• Problem to work on:
Set down, unchanged, the line holding "Cabinet Room In" and all lines that follow it to the end of the material, leaving pictures out.

• Source data:
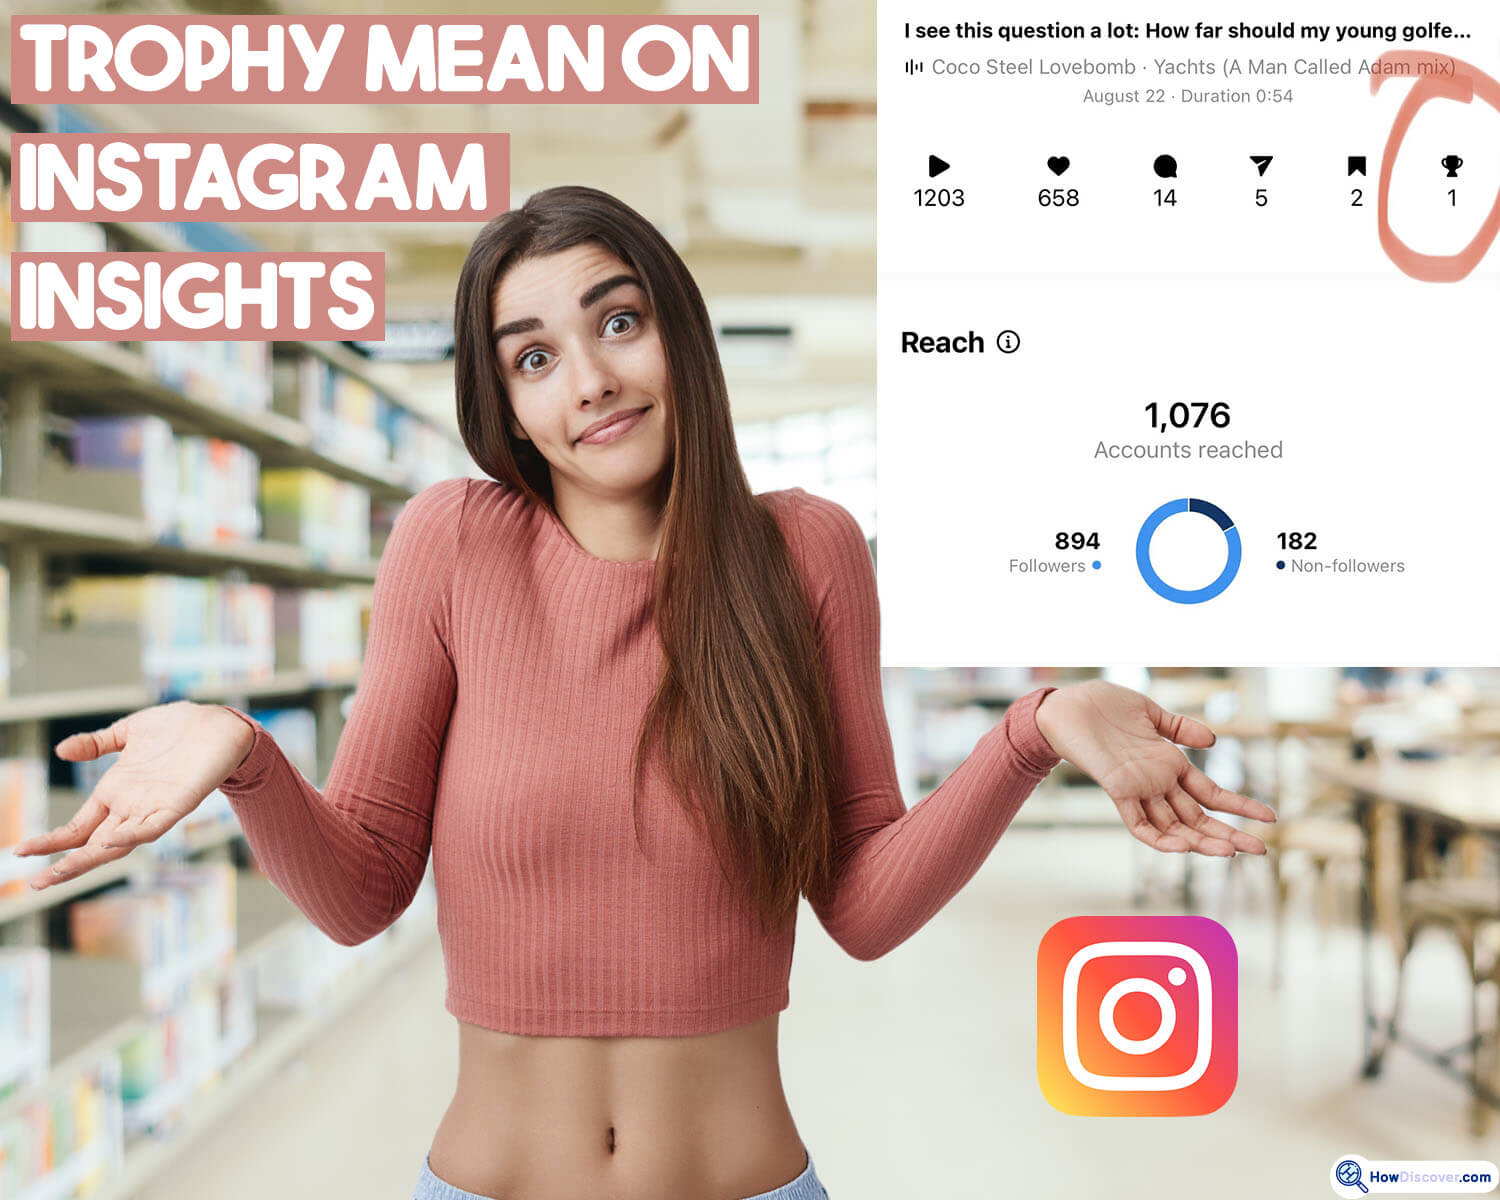 What does the Trophy mean on Instagram insights?
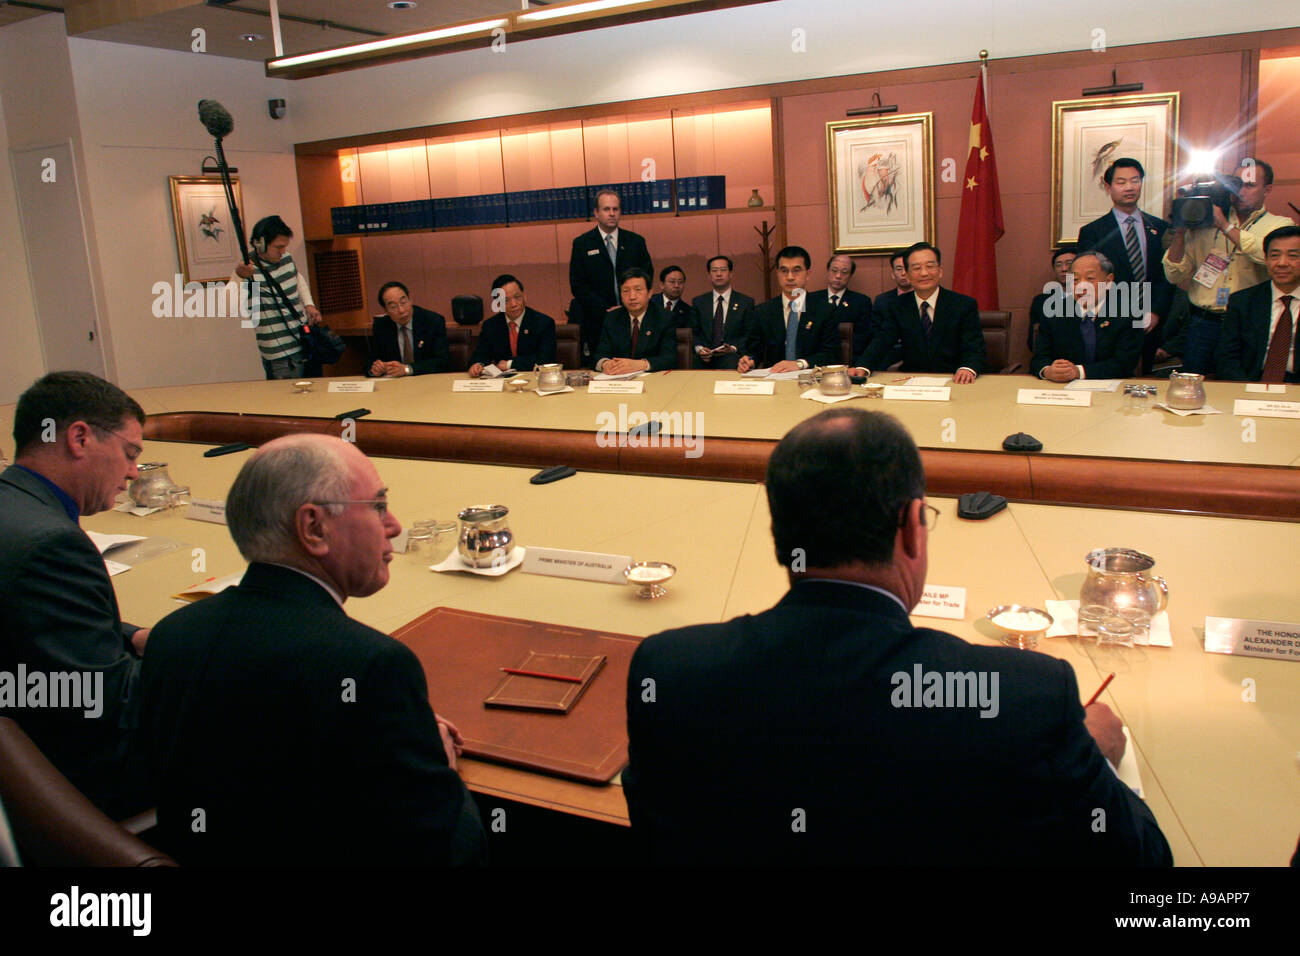 Cabinet Room In Australian Federal Government Stock Photo 7032550
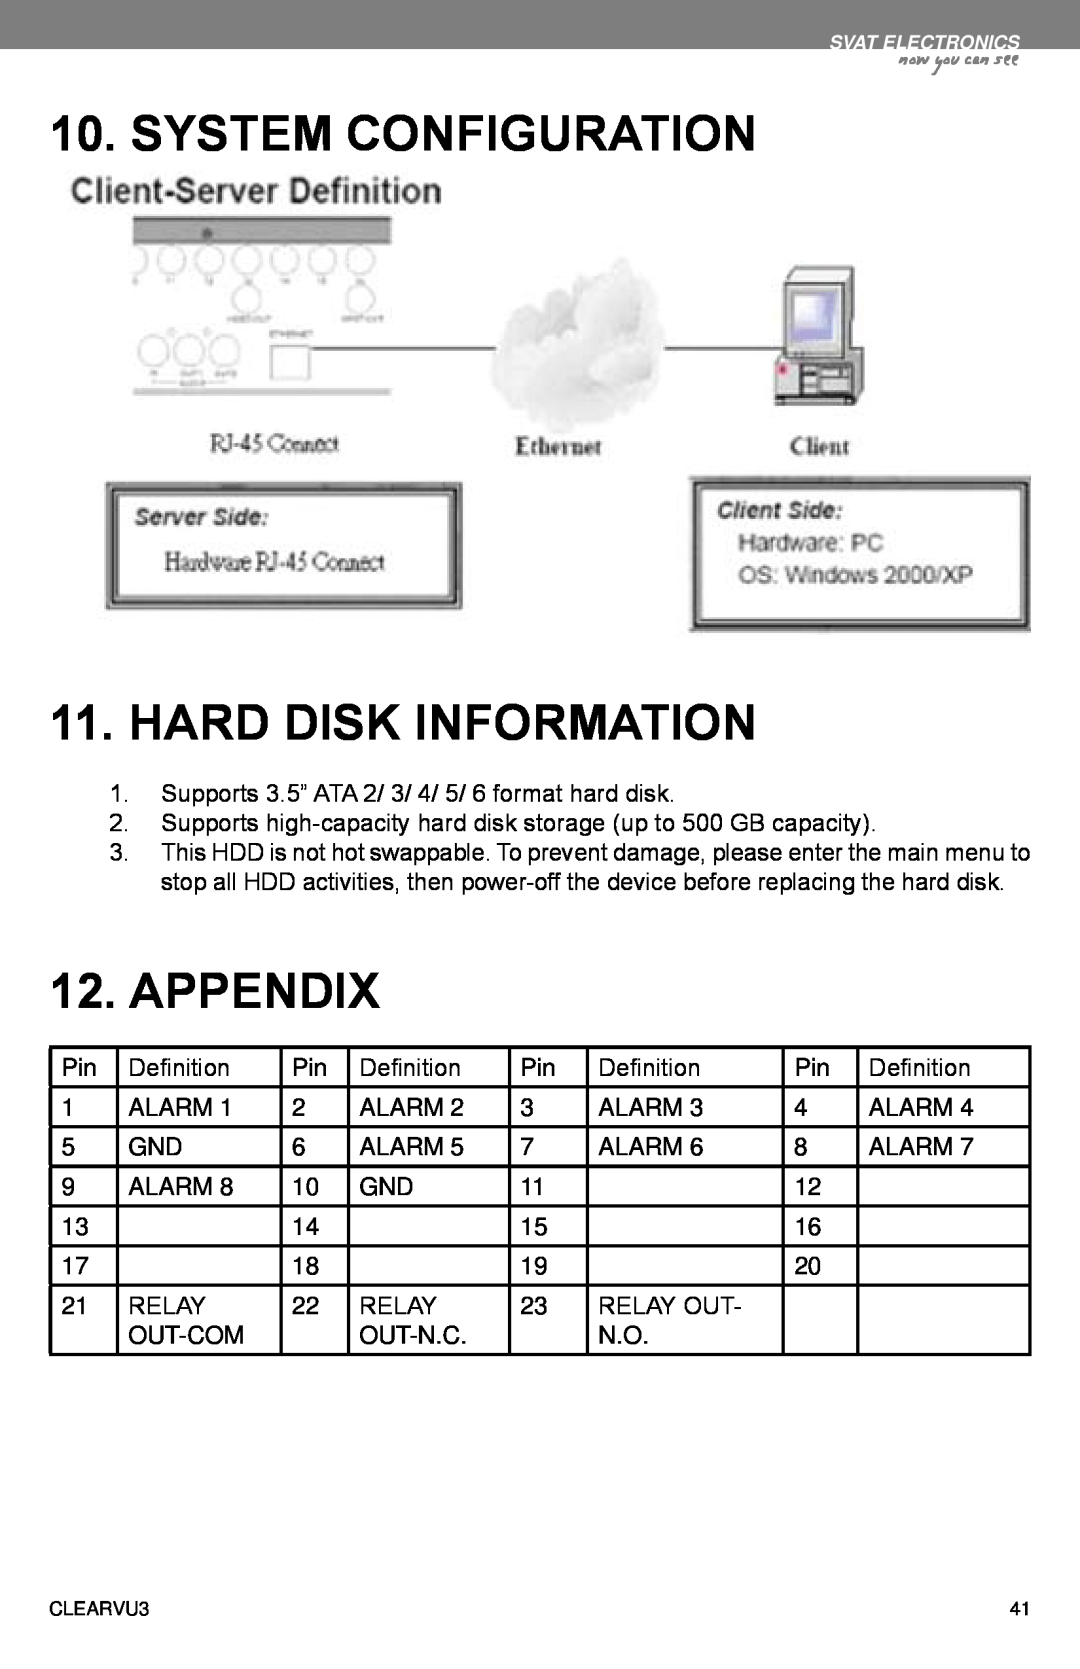 SVAT Electronics CLEARVU3 instruction manual SYSTEM CONFIGURATION 11.HARD DISK INFORMATION, Appendix, now you can see

• Answer:
 Cabinet Room In Australian Federal Government Stock Photo 7032550
 SVAT Electronics CLEARVU3 instruction manual SYSTEM CONFIGURATION 11.HARD DISK INFORMATION, Appendix, now you can see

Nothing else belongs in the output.